Is only possible order records applying a WHERE CLAUSE first and the order criteria Column is part of a compound Primary Key

    DROP TABLE purchase_order;

    CREATE TABLE purchase_order  (
      id uuid ,
      product_id uuid,
      product_name text,
      quantity int,
      PRIMARY KEY(id, quantity, product_id)
    );



    INSERT INTO purchase_order(id, product_id, product_name, quantity)
        VALUES(5e15135e-4b72-11e1-b84d-00215a17aed0, bdf3e070-4f75-11e1-a5c5-00215a17aed0, 'TABLET ORANGE', 3);

    INSERT INTO purchase_order(id, product_id, product_name, quantity)
        VALUES(5e15135e-4b72-11e1-b84d-00215a17aed0, d86cb040-0e02-11e0-9677-361934cac9ba, 'PHONE BANANA', 8);

    INSERT INTO purchase_order(id, product_id, product_name, quantity) 
        VALUES(5e15135e-4b72-11e1-b84d-00215a17aed0, 4066b980-2f09-11e0-8551-361934cac9ba, 'SMART TV', 1);


    INSERT INTO purchase_order(id, product_id, product_name, quantity)
        VALUES(c0a874f0-392a-11e0-a0df-361934cac9ba, d86cb040-0e02-11e0-9677-361934cac9ba, 'PHONE BANANA', 2);

    INSERT INTO purchase_order(id, product_id, product_name, quantity) 
        VALUES(c0a874f0-392a-11e0-a0df-361934cac9ba, 4066b980-2f09-11e0-8551-361934cac9ba, 'SMART TV', 3);



    select * from purchase_order where id=c0a874f0-392a-11e0-a0df-361934cac9ba order by quantity;

    cqlsh:store> select * from purchase_order where id=c0a874f0-392a-11e0-a0df-361934cac9ba order by quantity;

     id                                   | quantity | product_id                           | product_name
    --------------------------------------+----------+--------------------------------------+--------------
     c0a874f0-392a-11e0-a0df-361934cac9ba |        2 | d86cb040-0e02-11e0-9677-361934cac9ba | PHONE BANANA
     c0a874f0-392a-11e0-a0df-361934cac9ba |        3 | 4066b980-2f09-11e0-8551-361934cac9ba |     SMART TV

Some personal conclusions

  • Some common task like Ordering.
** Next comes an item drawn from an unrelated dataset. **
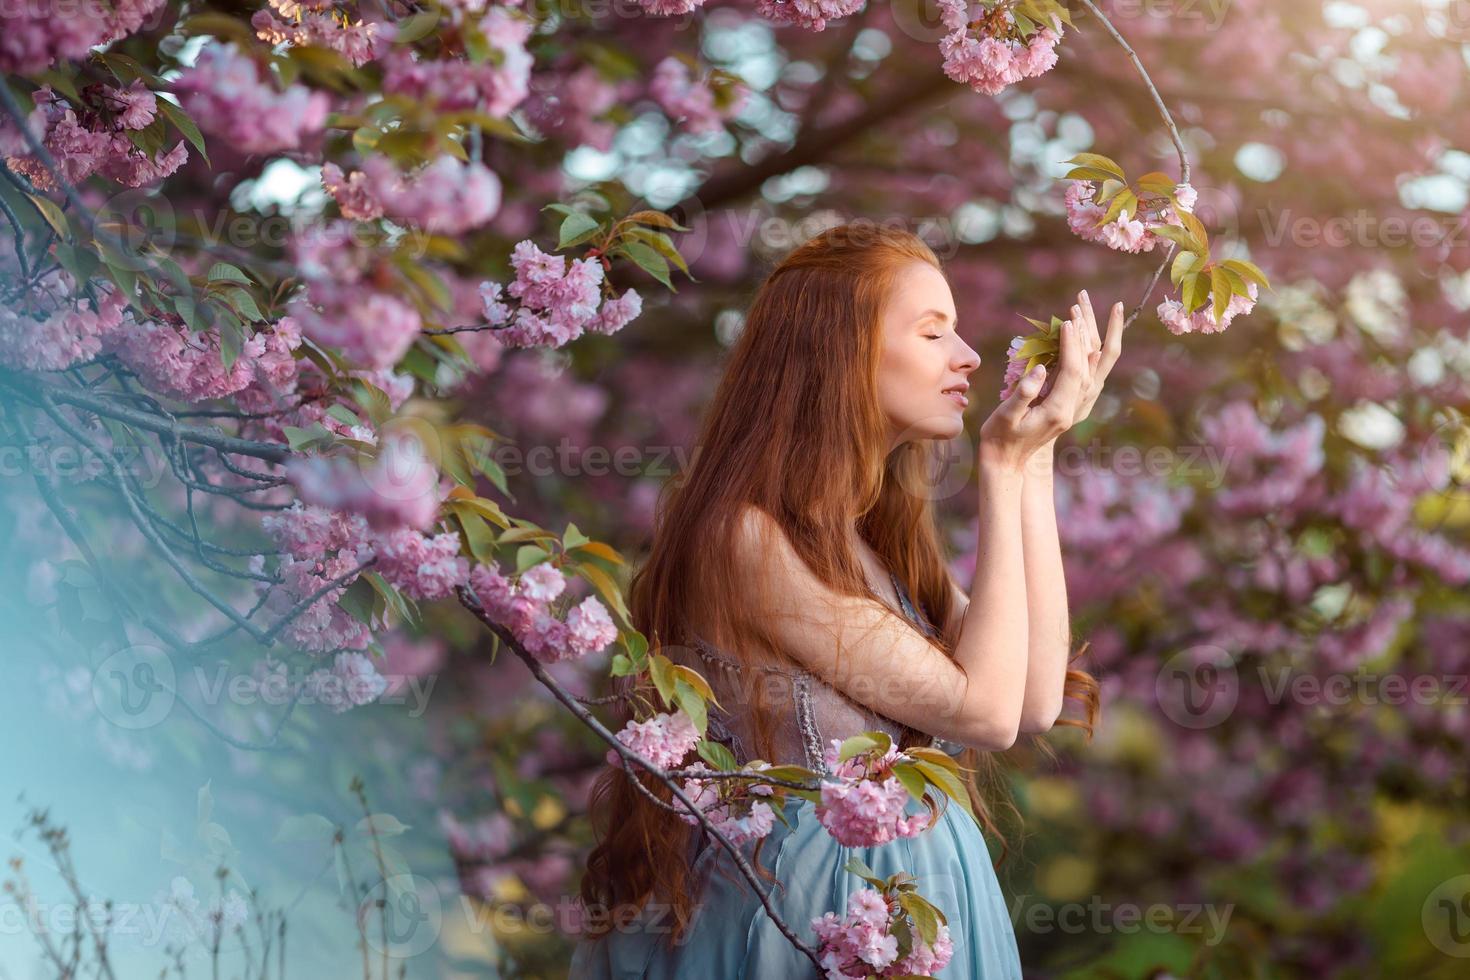 belle femme enceinte dans un jardin fleuri photo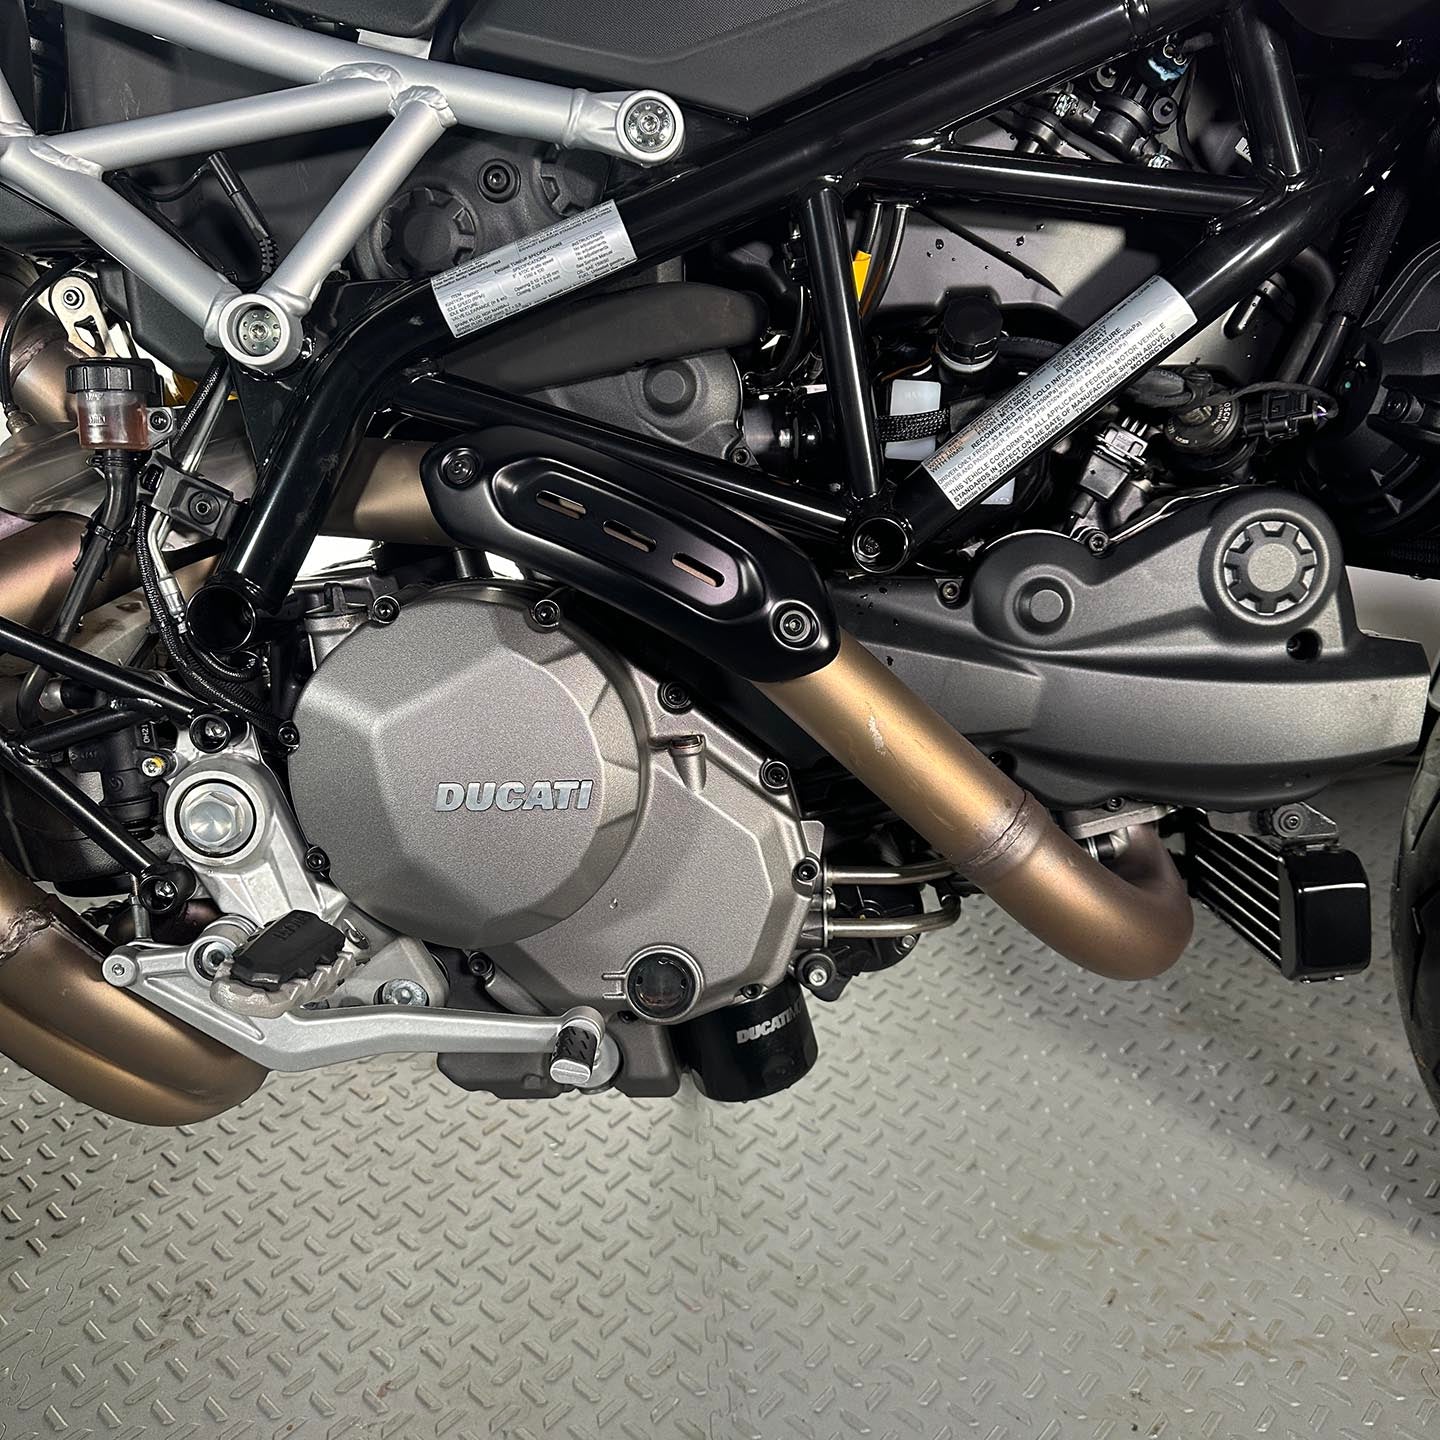 2021 Ducati Hypermotard RVE #37/100 (1,010 Miles)

Filtering are so easy for Relational Databases but difficut or even impossible on Cassandra.
  • Think very carefully about how the data will be retreived instead of how data will be inserted when design a CassandraDB data model.
  • Test your models, insert millions of records on a test enviroment, make sure that you can retreive the data.
  • Make a column counter for every table that you need to know how many records you have.
  • Realize that a count operation is slow and could be wrong. So desing your model to be inserted ordered.